L’idée d’un malus écologique indexé sur la masse des véhicules n’a pas été détaillée dans les propositions des citoyens. Néanmoins, fin 2019, dans le cadre de la loi de finances 2020, des députés, dont Barbara Pompili, actuelle ministre de la transition écologique, avait proposé de mettre en place une taxe de 15 € par kilo sur tous les modèles thermiques de plus de 1.300 kg et les électriques de plus de 1.700 kg, avec un plafond fixé à 10.000 €. Une proposition alors écartée par le gouvernement. Selon des informations du magazine Journal auto, le malus selon la masse du véhicule pourrait être intégré au PLF 2021, avec une mise en application en 2022.

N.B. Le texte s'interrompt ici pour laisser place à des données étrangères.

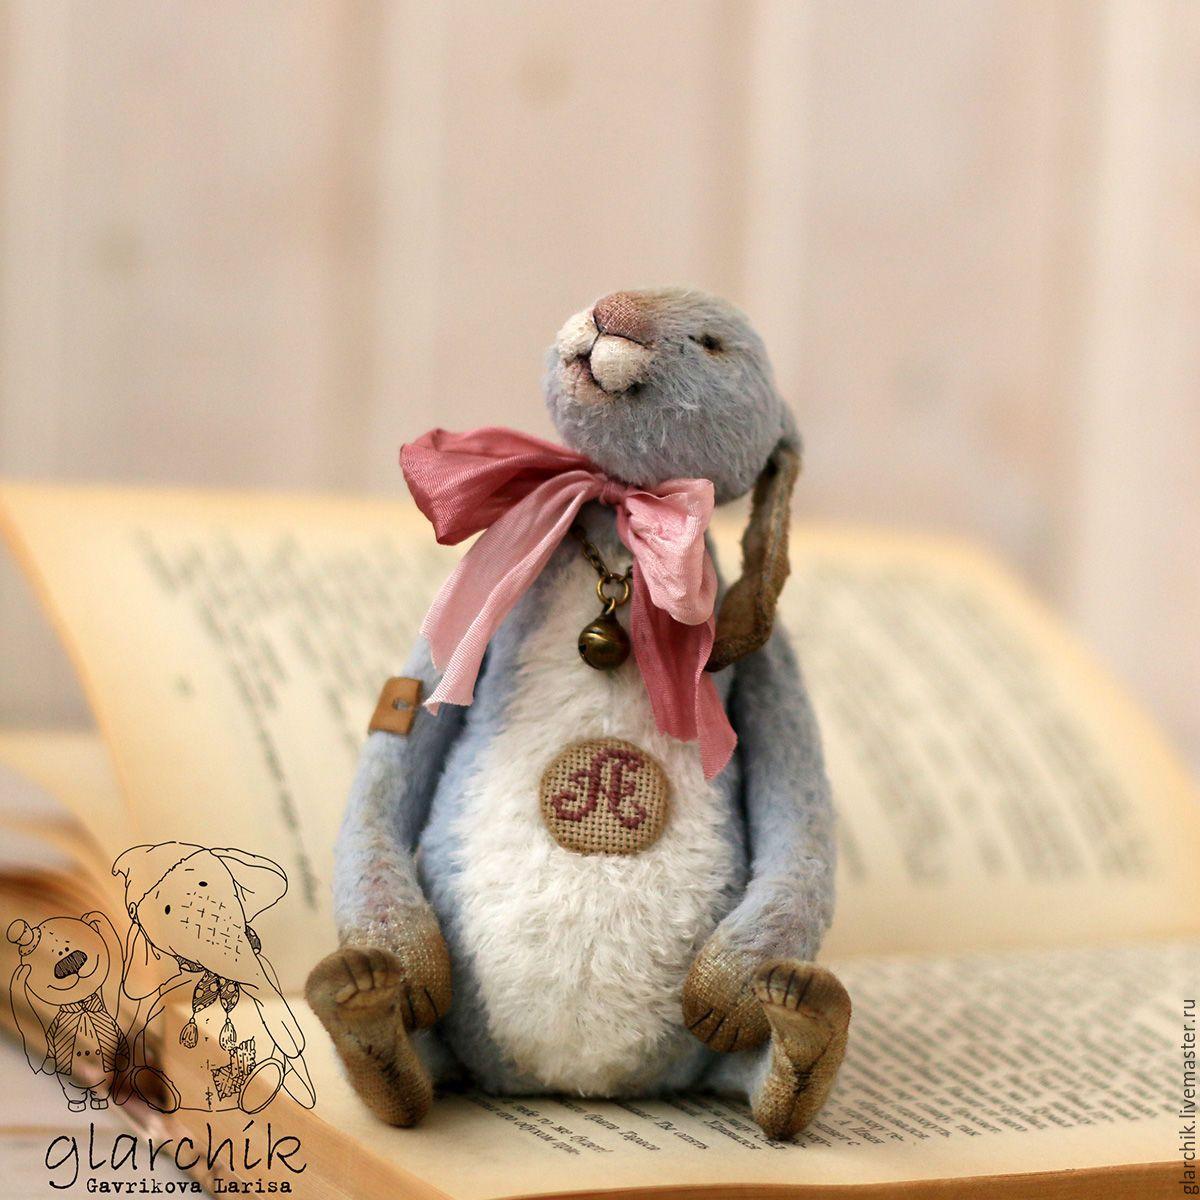 Купить Кролик Алько - голубой, кролик, кролик тедди, коллекция, коллекционная игрушка, друзья тедди

70% des véhicules concernés

 «Le gouvernement nous dit, pas d'augmentation d'impôts pour compenser les dépenses liées au Covid, mais il y a sur la table une taxe à 4,4 milliards d'euros, à travers notamment une nouvelle taxation de la masse des véhicules, et qui pèserait sur les consommateurs», s’est agacé, dans une interview accordée au quotidien l’Opinion, Luc Chatel, président de la Plateforme automobile PFA, qui représente les entreprises du secteur.

Alors même que rien n’a été décidé, l’ancien ministre de Nicolas Sarkozy s’attend au pire. Ce seul petit malus, si le seuil de 1.300 kg est appliqué, «impacterait 70% des voitures produites en France au moment où l'on veut lancer un programme de localisation de l'automobile du futur dans notre pays», a-t-il expliqué.

Le président de la PFA plaide pour plus de stabilité et de visibilité dans les dispositifs qui sont annoncés. «Quatre mois après l'annonce du plan de soutien par le président de la République, on a sur la table des propositions visant à baisser à nouveau le bonus à l'achat et à accroître la sévérité du malus. On va revenir sur des principes actés juste avant l'été», a-t-il critiqué.